# How Long



## poe (Mar 9, 2004)

How long should i leave my tank before getting my baby piranhas?? Its a 29g tank ( in know i will have to upgrade) but how long till the chlorine will be gone??


----------



## The Wave (Oct 22, 2003)

http://www.piranha-fury.com/information/de....php?id=cycling


----------



## fishofury (May 10, 2003)

physco 1 said:


> http://www.piranha-fury.com/information/de....php?id=cycling


 good link


----------



## erikcooper (Feb 18, 2004)

For the chlorine put in some anti-chlorine/anti-chloramine


----------



## mason999 (Feb 16, 2004)

erikcooper said:


> For the chlorine put in some anti-chlorine/anti-chloramine

















over here we have a treatment called aquasafe makes tap water safe 5ml for every 2 gallon once treated you can put your fish in within 2 hours no problems


----------



## rbp 4 135 (Mar 2, 2004)

i would sugges in investing in some clorine nutralizer your lfs will definately have it in stock


----------



## Dr. Giggles (Oct 18, 2003)

AmQuel and Novaqua by Kordon. Almost instantaneously.


----------



## Mr. Hannibal (Feb 21, 2003)

No time if you use a water conditioner or up to 24-48h if you don´t...i highly recommend you get a water conditioner to remove chlorine, chloramine and heavy metals...!


----------



## illnino (Mar 6, 2004)

if it is a new tank and i were you, first the only liquids id put in it, would be aquasafe and water also i would cycle it with like 6 or so feeder goldfish cause they are cheap and they will do a good job. also you can put your babies in with them, they will nip at their fins untill they die and then they will eat some of it's flesh


----------



## thePACK (Jan 3, 2003)

off to mister donH forum...the mad water scientist :laugh:


----------



## DonD (Mar 11, 2004)

If the filter is running it will take 24 hours or less.
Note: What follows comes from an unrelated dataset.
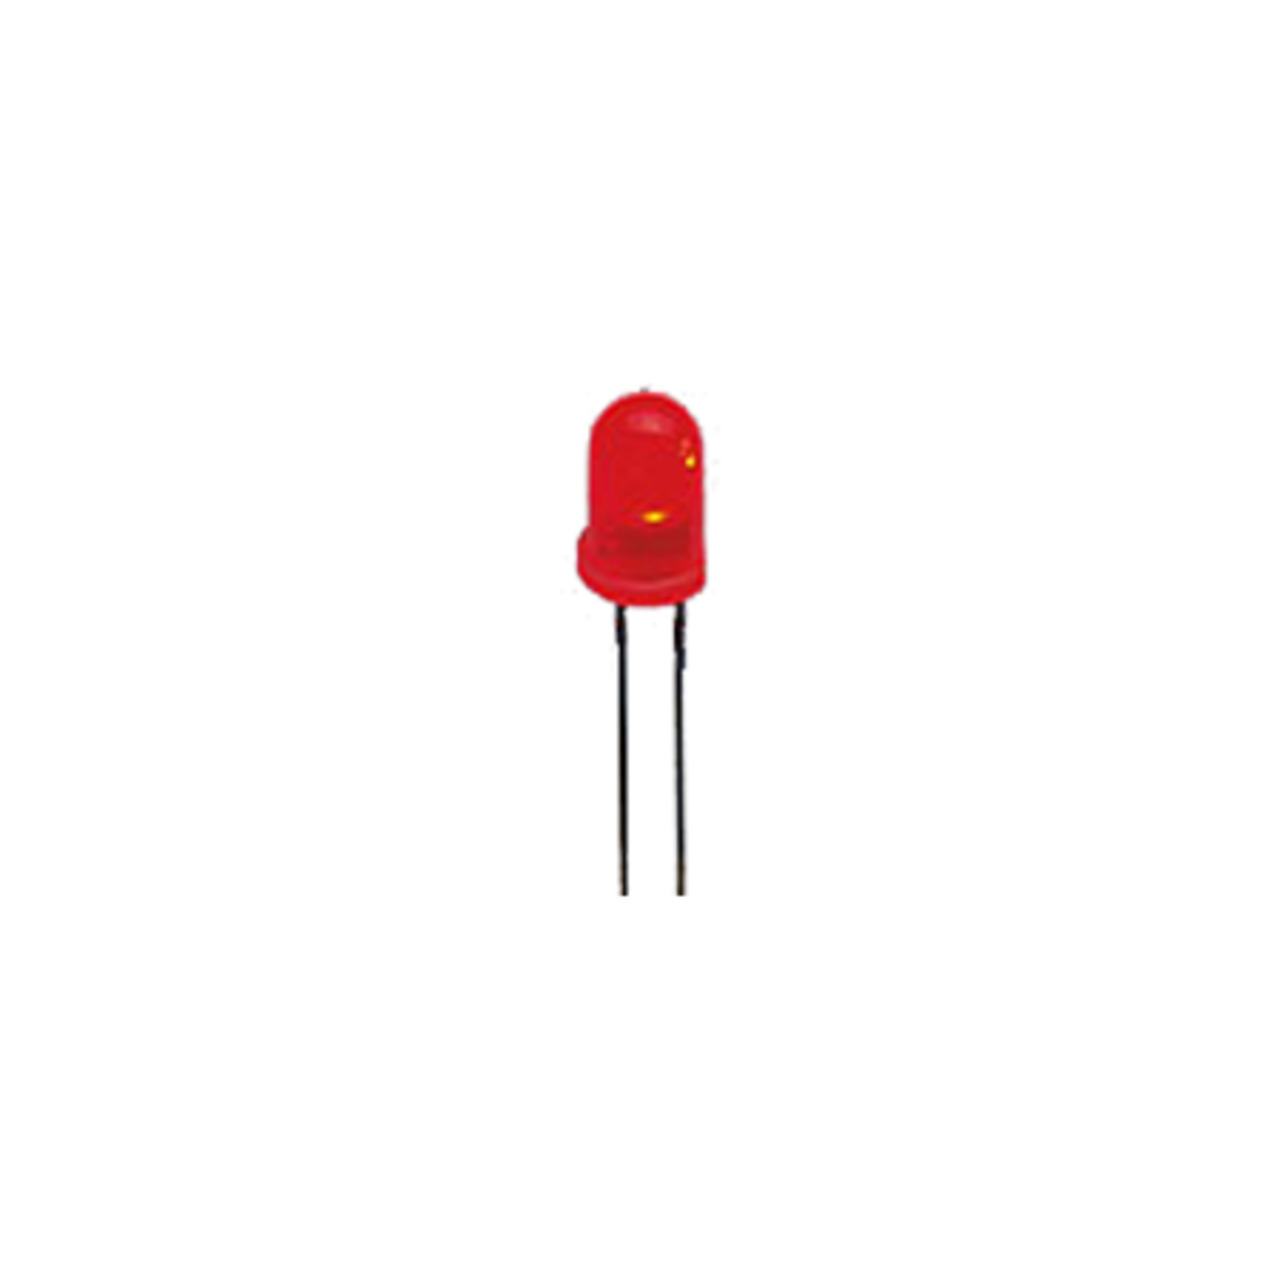 LED 5 mm- Rot unter Komponenten
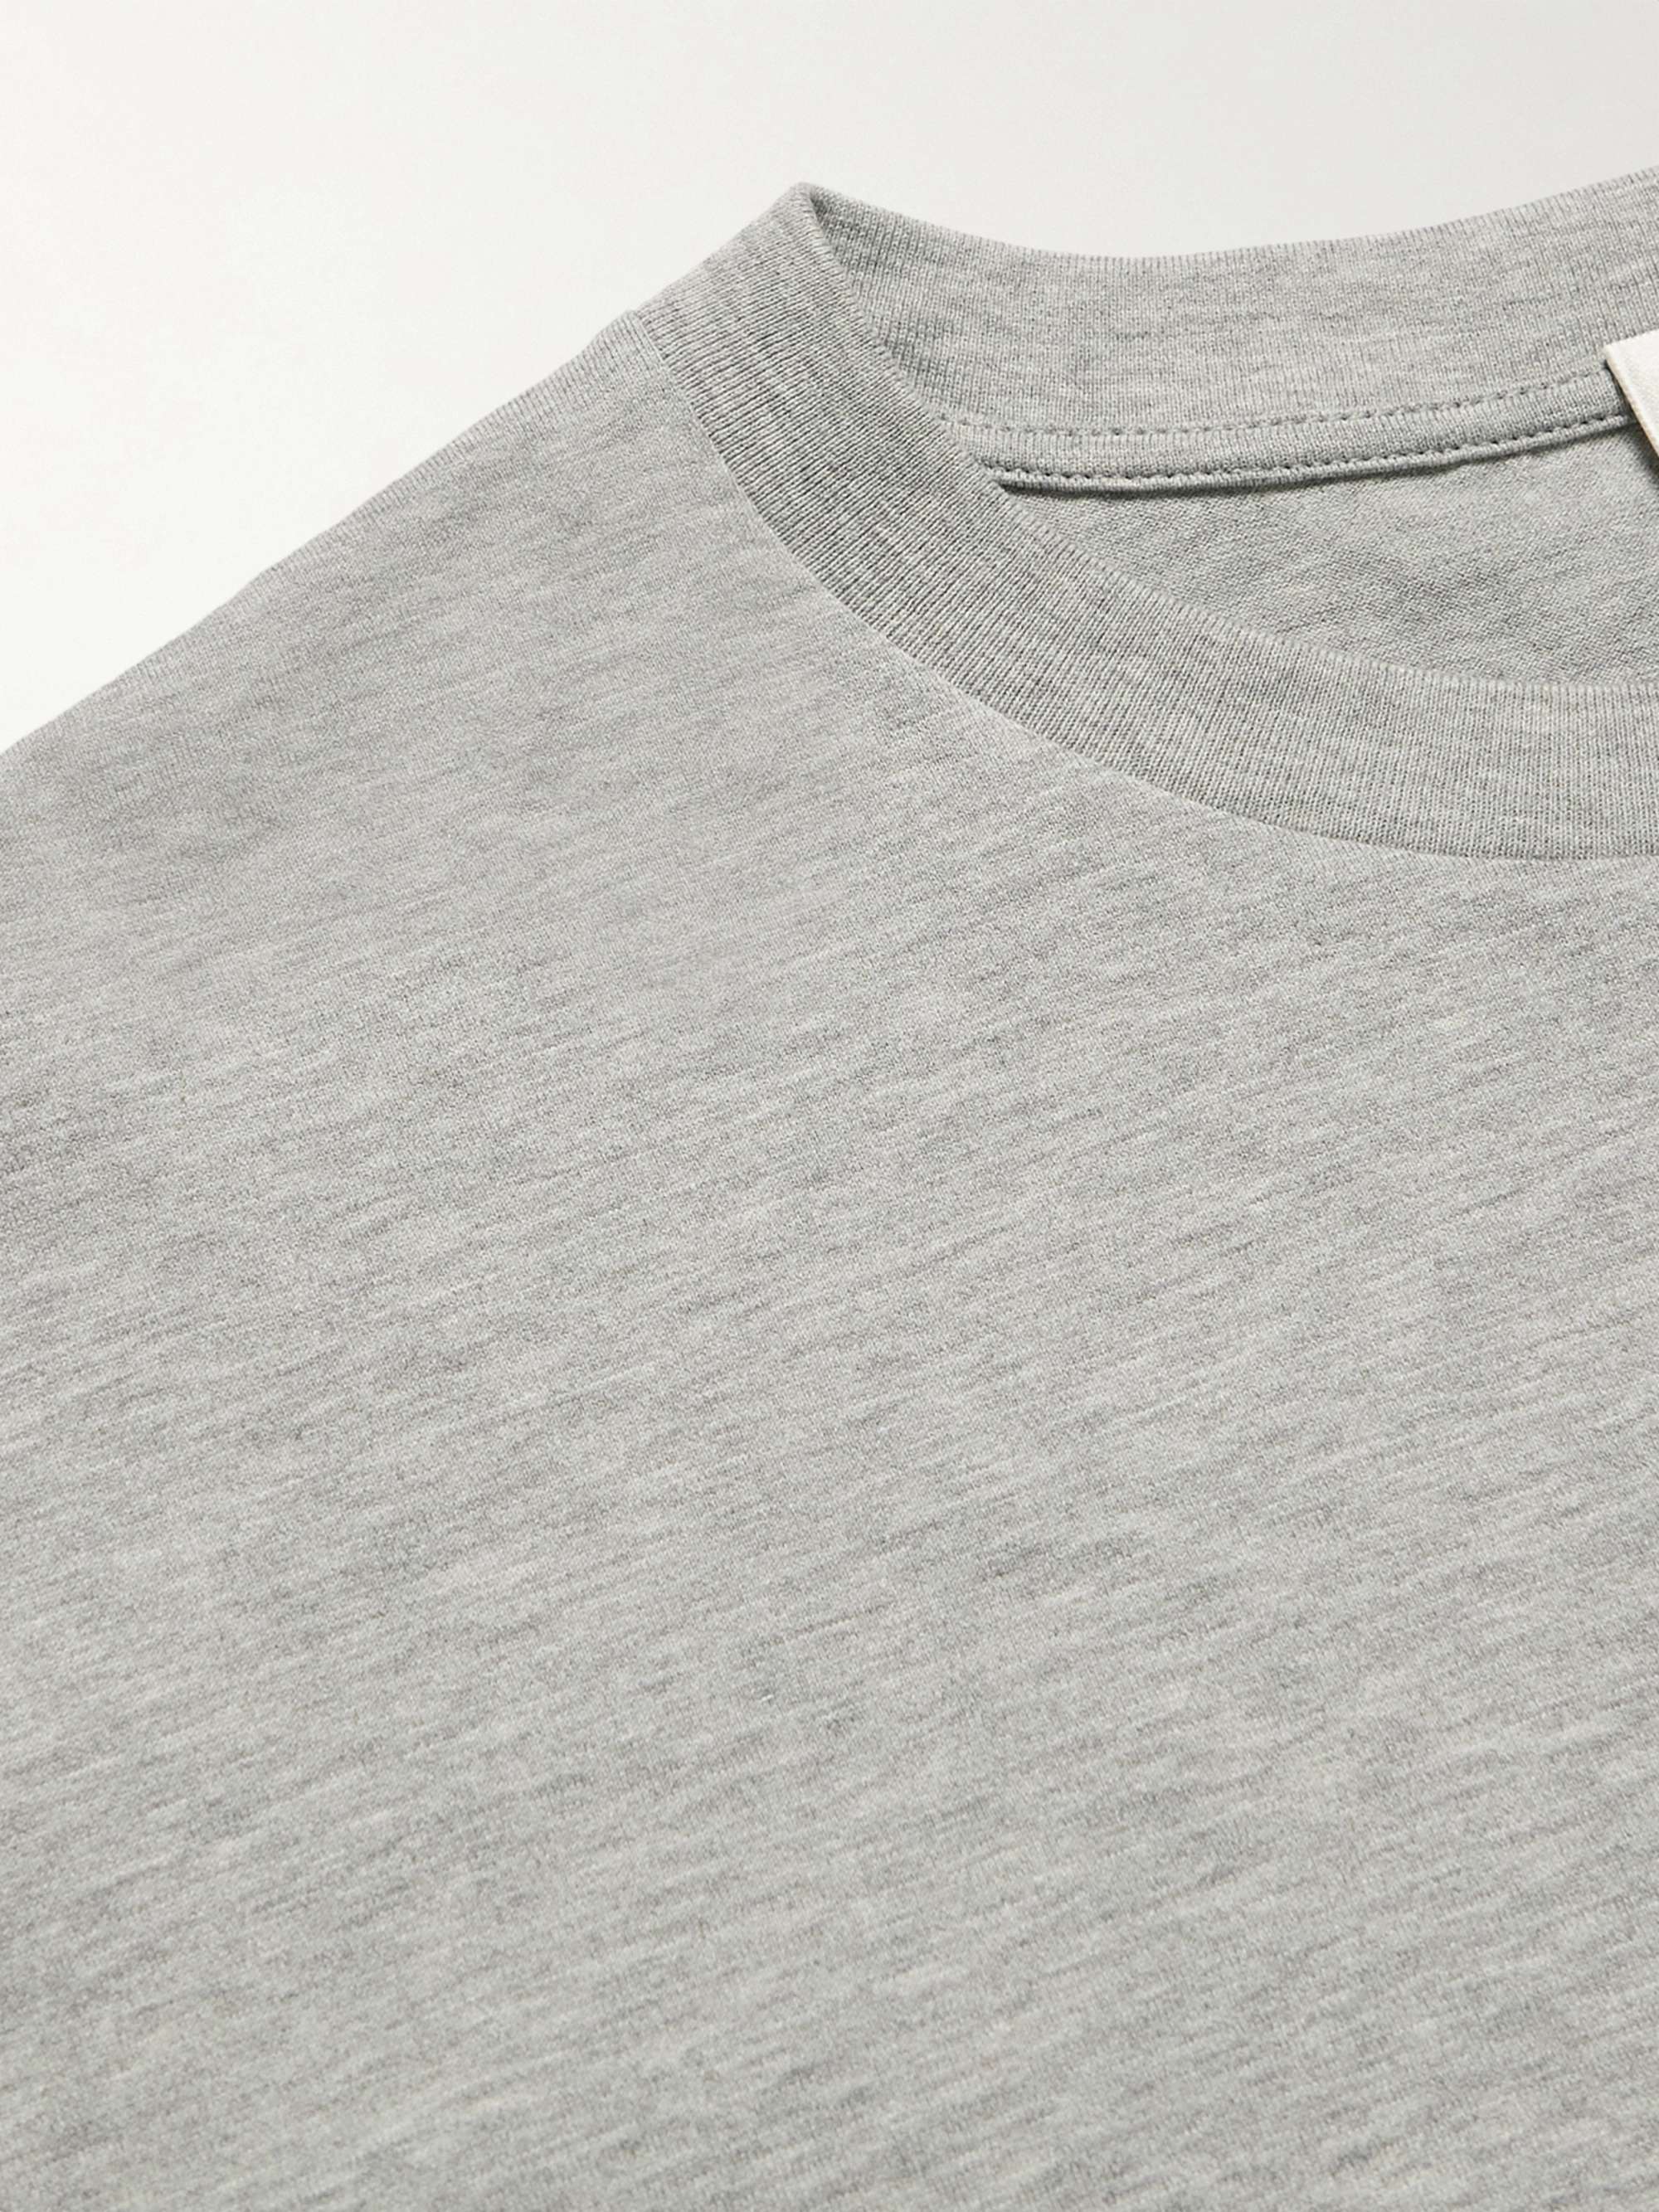 CELINE HOMME Oversized Logo-Print Cotton-Jersey T-Shirt

Chlorine is very unstable in water and gases off extremely quickly when it is agitated. A good portion of the chlorine in your water can be gased off when refilling the tank simply by directing the fill hose across the surface. A good dechlorinator (just plain dechlor unless you have chloramines or the like) will take of the rest of it.


----------



## DonH (Jan 25, 2003)

Unlike chlorine, chloramine will not gas off... Therefore, if your water supply is being treated with chloramine, better use a water conditioner and not worry about chlorine and chloramine.


----------